For months, the rap on Dean was that he was too liberal to win the general election. Lieberman has been leading the Dean-is-a-liberal-baddie charge for weeks. Now along comes Rep. Richard A. Gephardt (Mo.), who is fending off a challenge by Dean in the crucial state of Iowa (see Sept. 17 Talking Points), firing away from the governor’s left flank with charges that he cozied up to GOP bogeyman Newt Gingrich in the mid-1990s. Gephardt was on NBC's "Meet the Press" Sunday repeating charges that Dean sided with Gingrich in trying to cut Medicare.

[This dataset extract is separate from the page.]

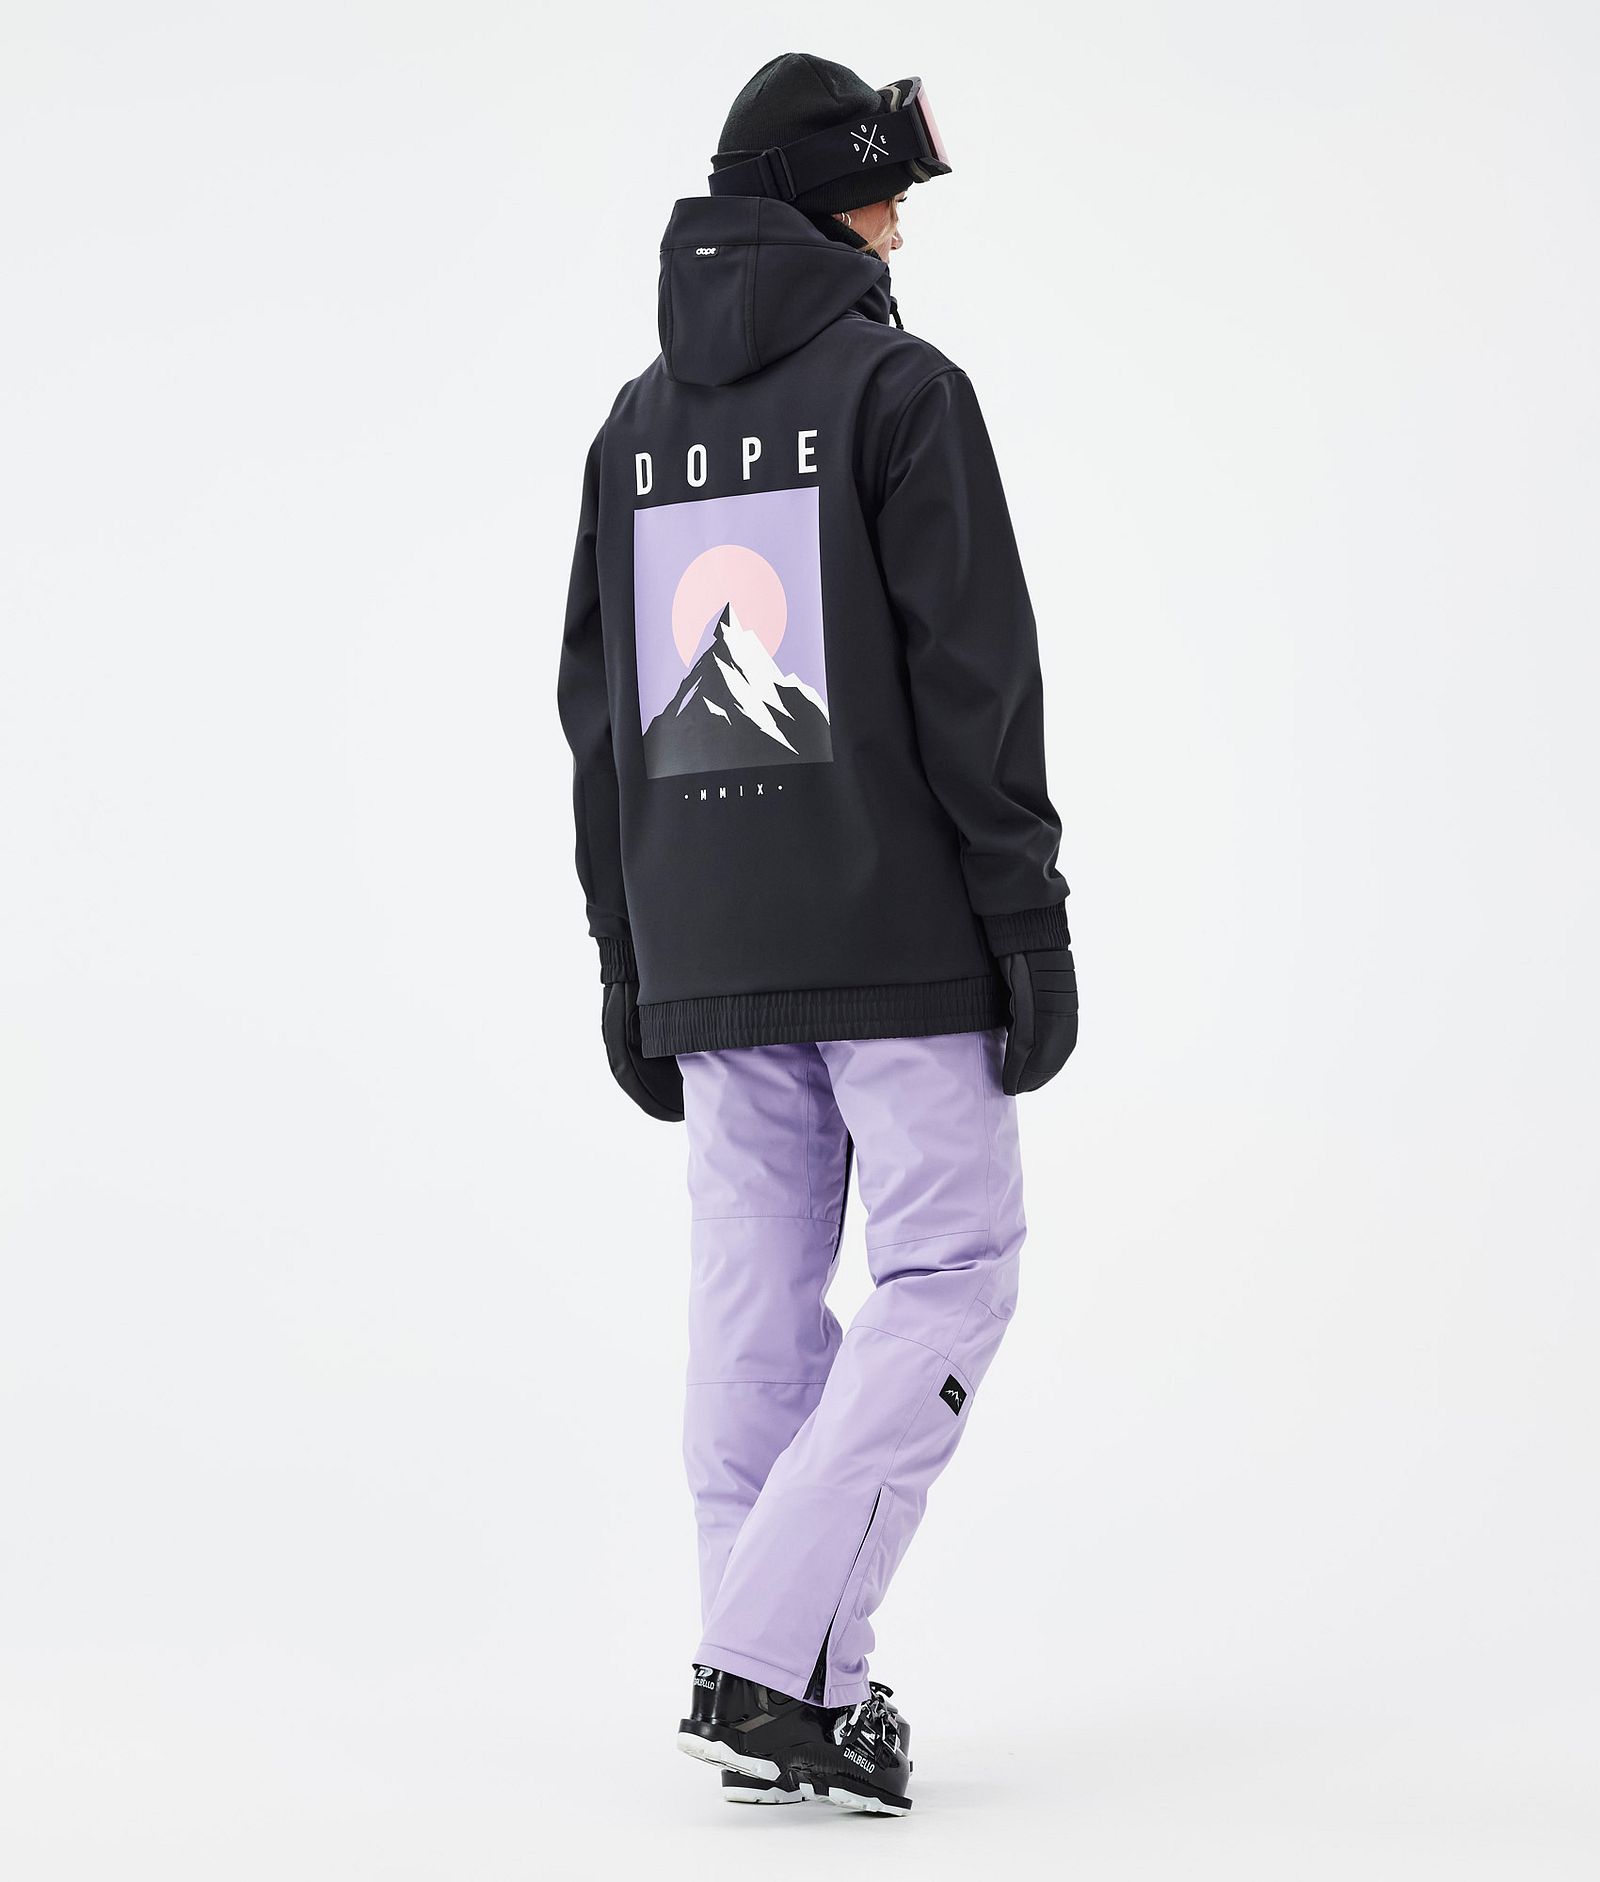 Yeti W Ski Outfit Dame Black/Faded Violet

It's somewhat of an odd charge, given that Dean, then chairman of the National Governors Association, first caught the eye of the national media with his exceedingly harsh denunciations of the new Gingrich-led Congress in 1995, the year after the historic Republican Revolution. The Dean campaign has noted that Dean appeared at several press conferences and events with Gephardt in 1995 to protest GOP plans to overhaul the welfare system and press for a balanced budget amendment.

In the archives of The Washington Post we find this story that Balz wrote in January 1995:

"The chairman of the National Governors' Association, Democratic Gov. Howard Dean of Vermont, yesterday ripped into the Republicans' welfare reform plan as a policy 'to starve children and kick old people out of their houses’ and attacked Republican governors in extraordinarily harsh language for helping to negotiate it.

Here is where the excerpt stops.